Dataset content:
-*-*-

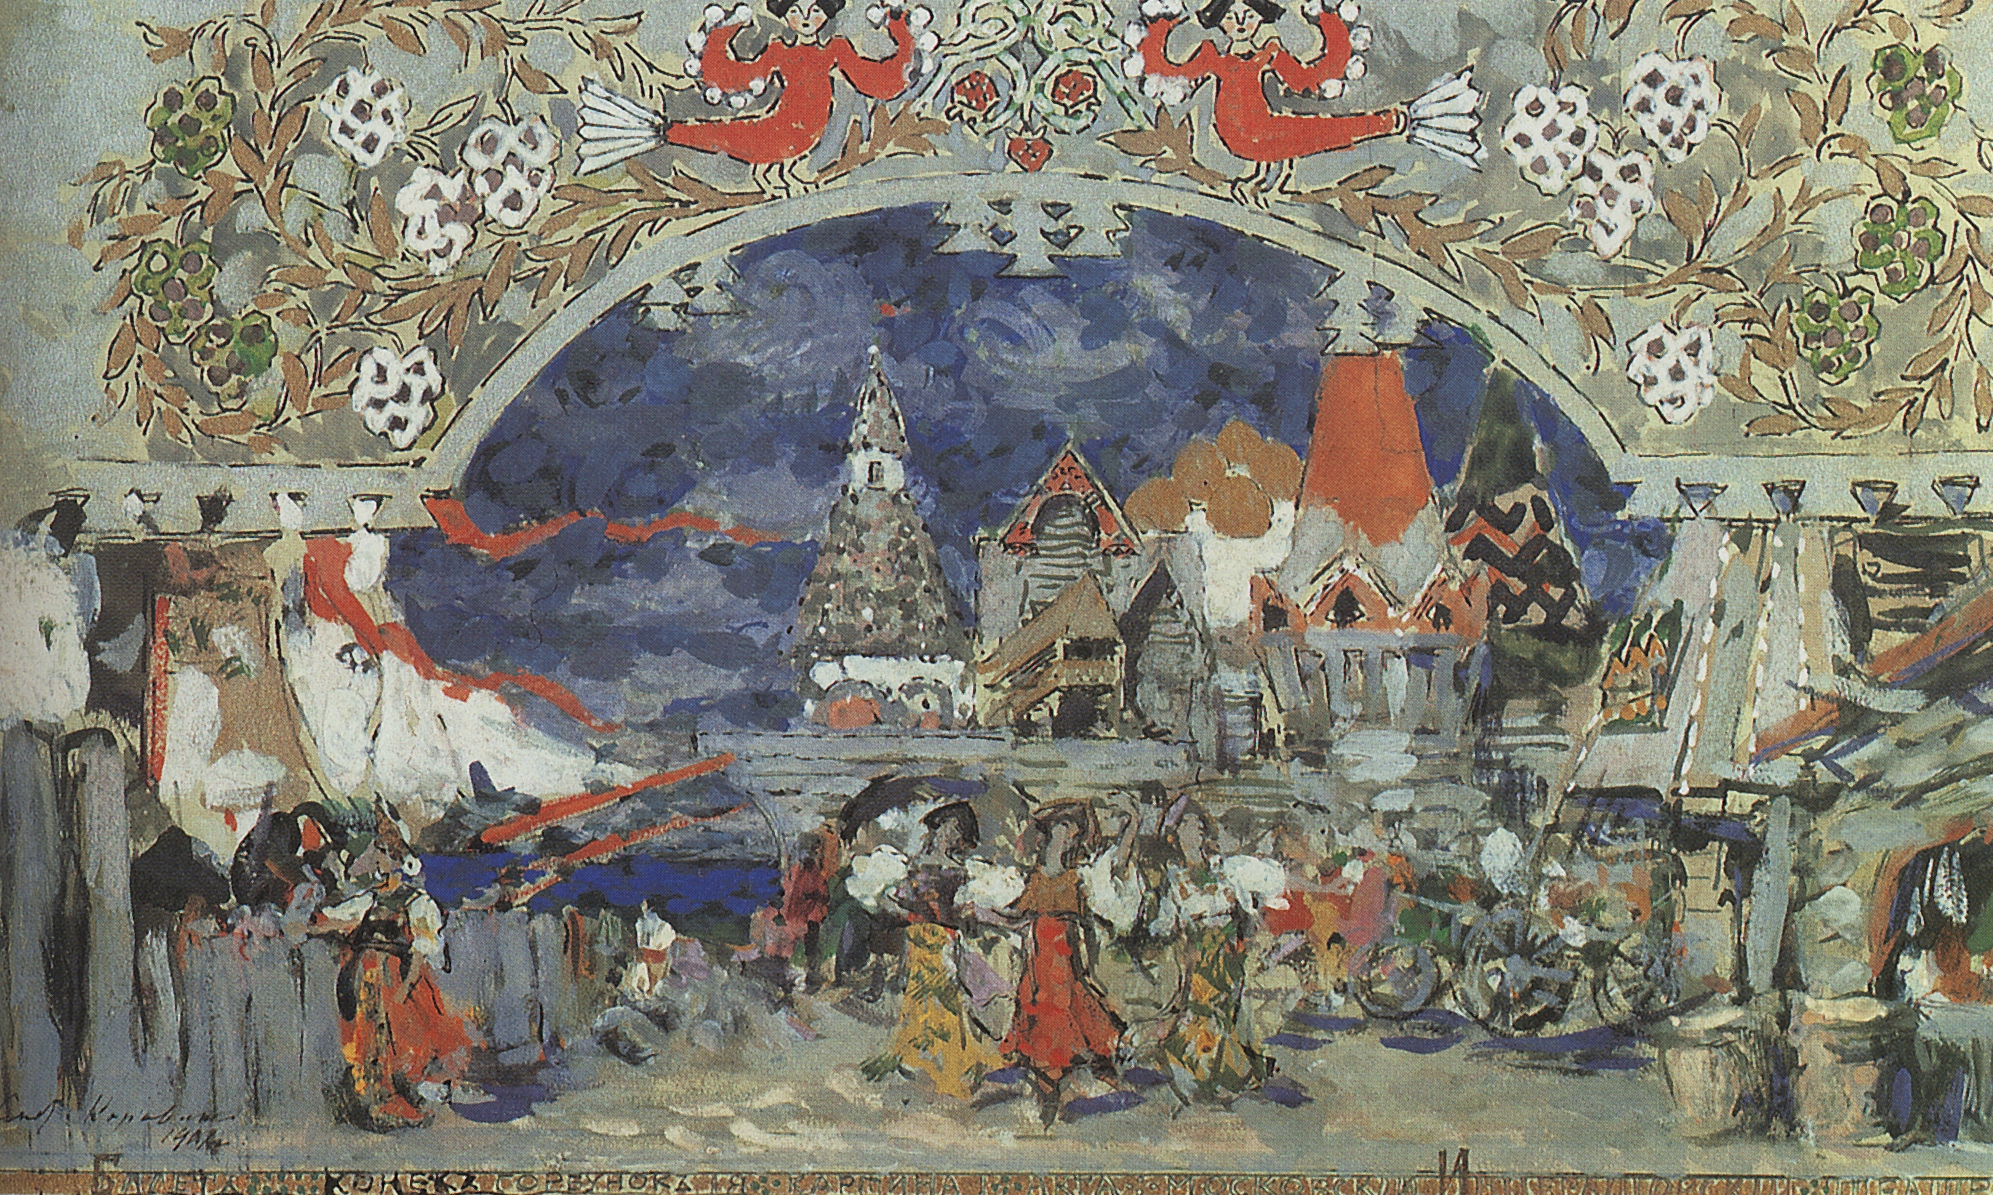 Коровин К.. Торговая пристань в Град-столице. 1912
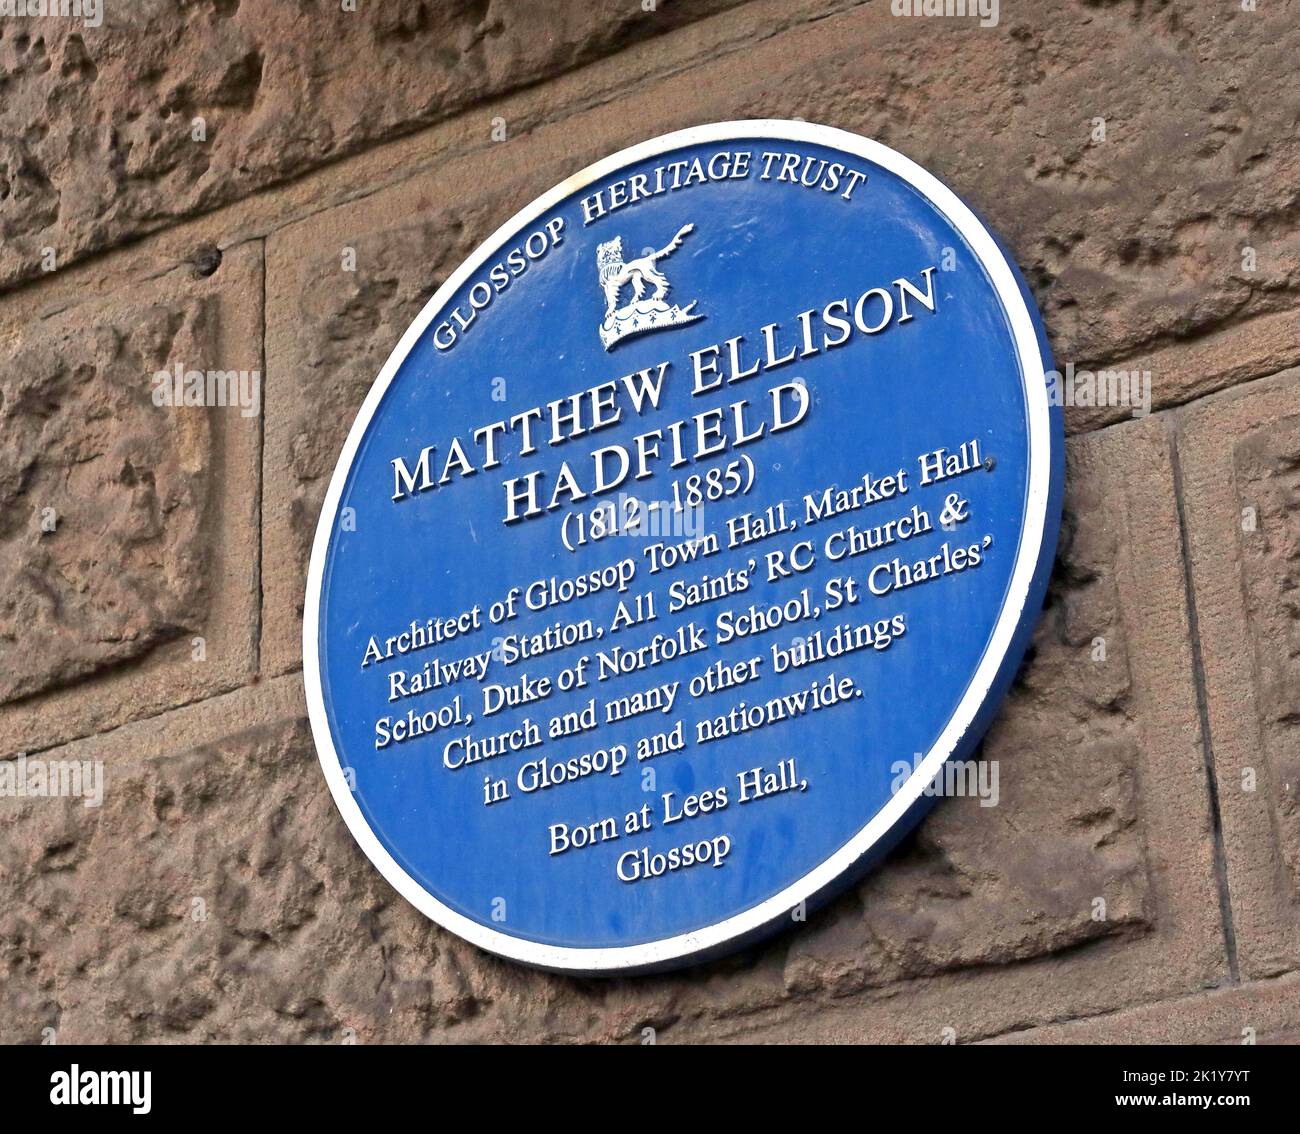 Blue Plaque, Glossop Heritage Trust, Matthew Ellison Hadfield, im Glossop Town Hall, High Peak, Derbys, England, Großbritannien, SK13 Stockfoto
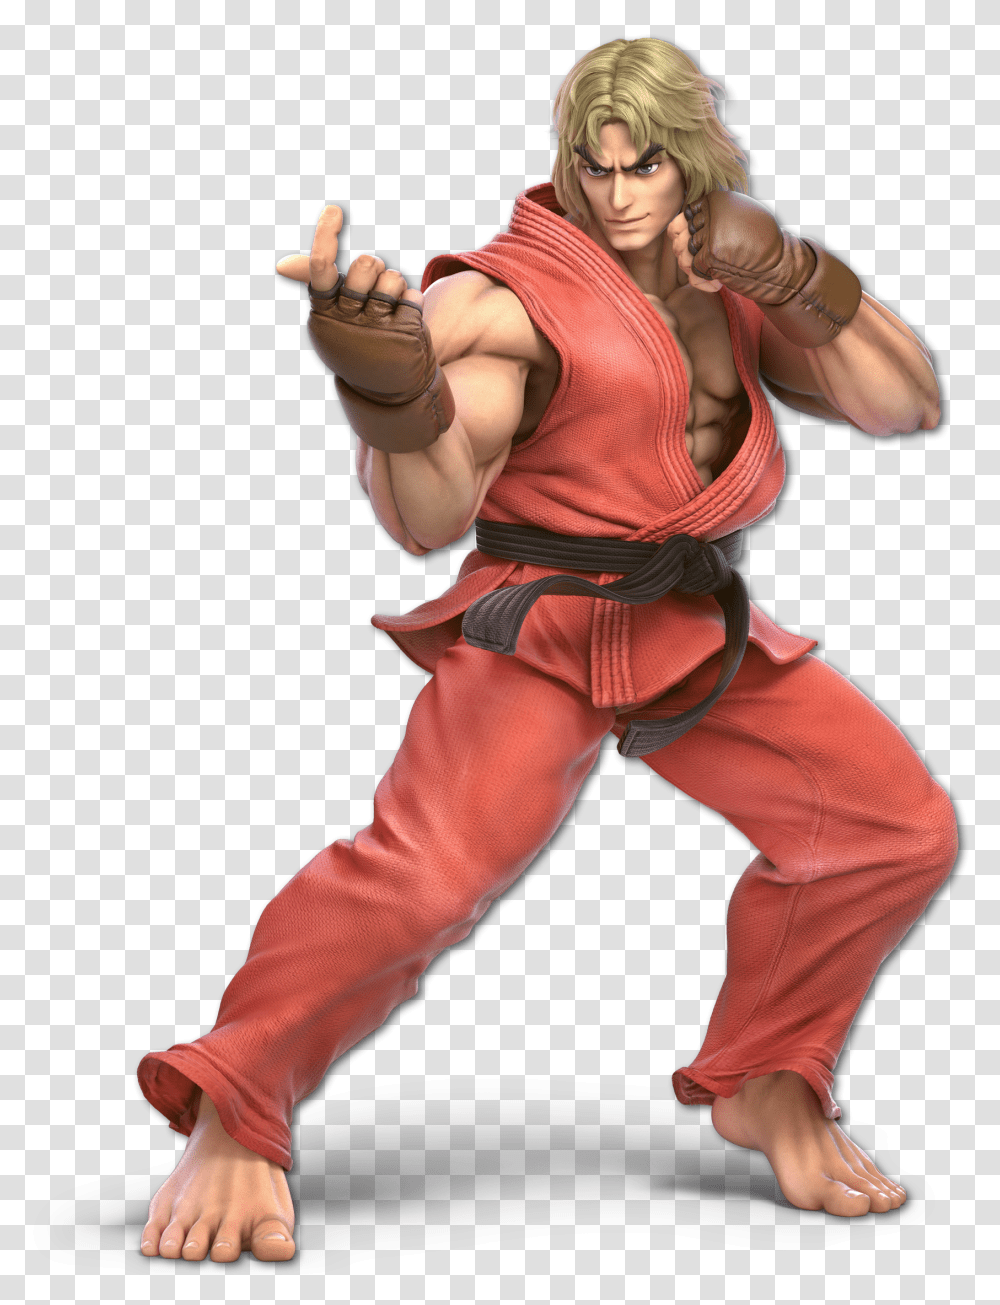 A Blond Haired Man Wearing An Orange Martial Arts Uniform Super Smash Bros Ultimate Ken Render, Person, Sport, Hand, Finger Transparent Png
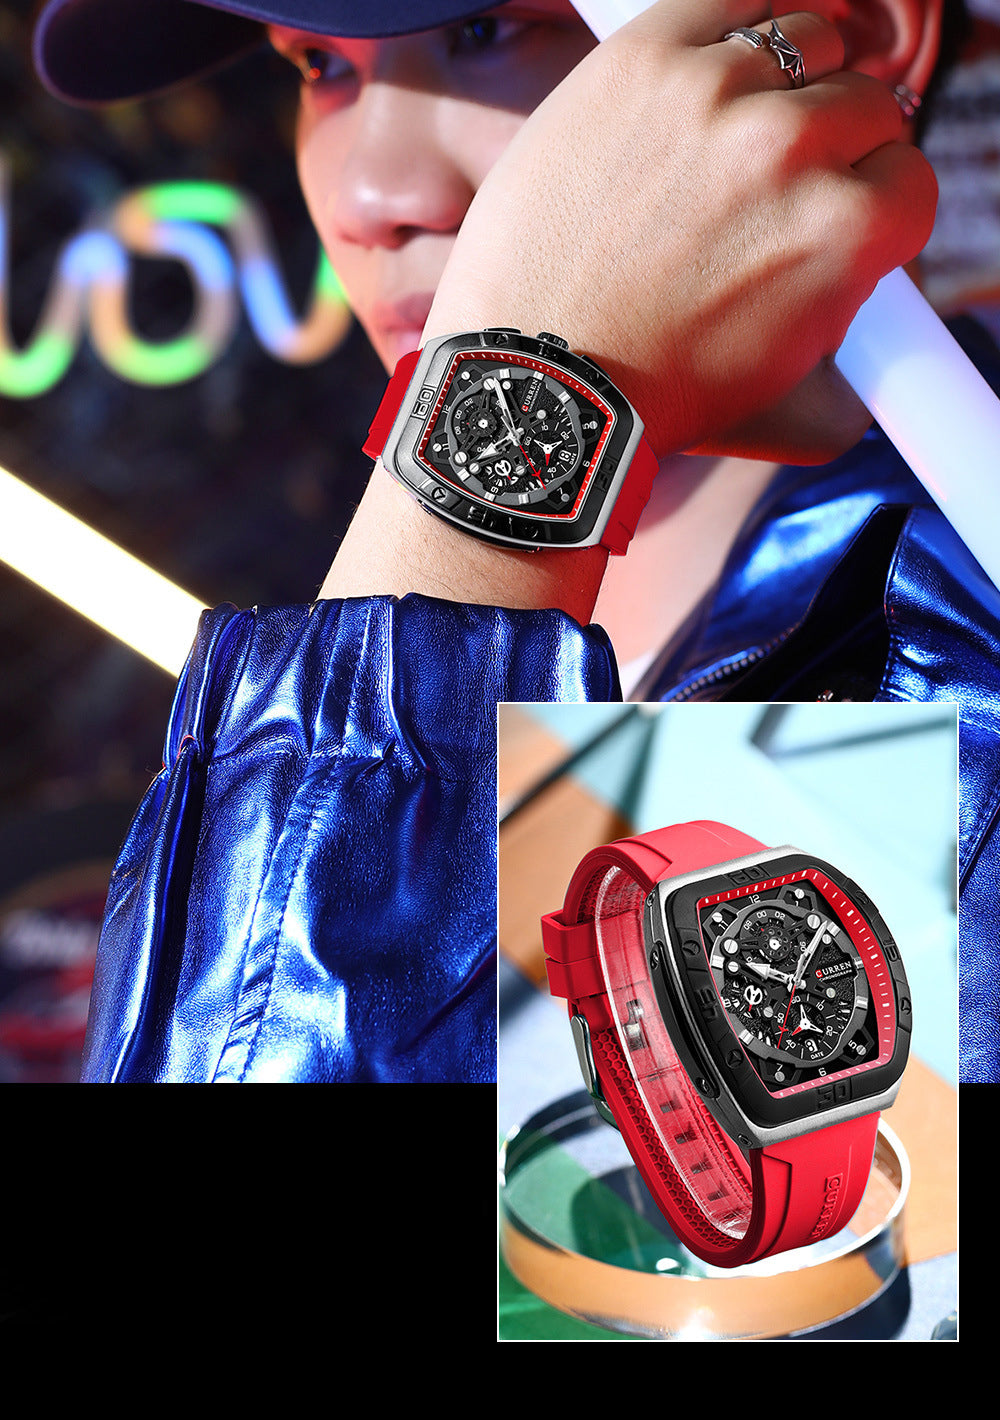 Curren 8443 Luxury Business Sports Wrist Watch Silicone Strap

-*-*-

Exercise:
The reply should consist only of the lines running from the one with "A Blond Haired" through the end of the material, both included, copied exactly; please omit pictures.

Solution below:
 A Blond Haired Man Wearing An Orange Martial Arts Uniform Super Smash Bros Ultimate Ken Render, Person, Sport, Hand, Finger Transparent Png
 Curren 8443 Luxury Business Sports Wrist Watch Silicone Strap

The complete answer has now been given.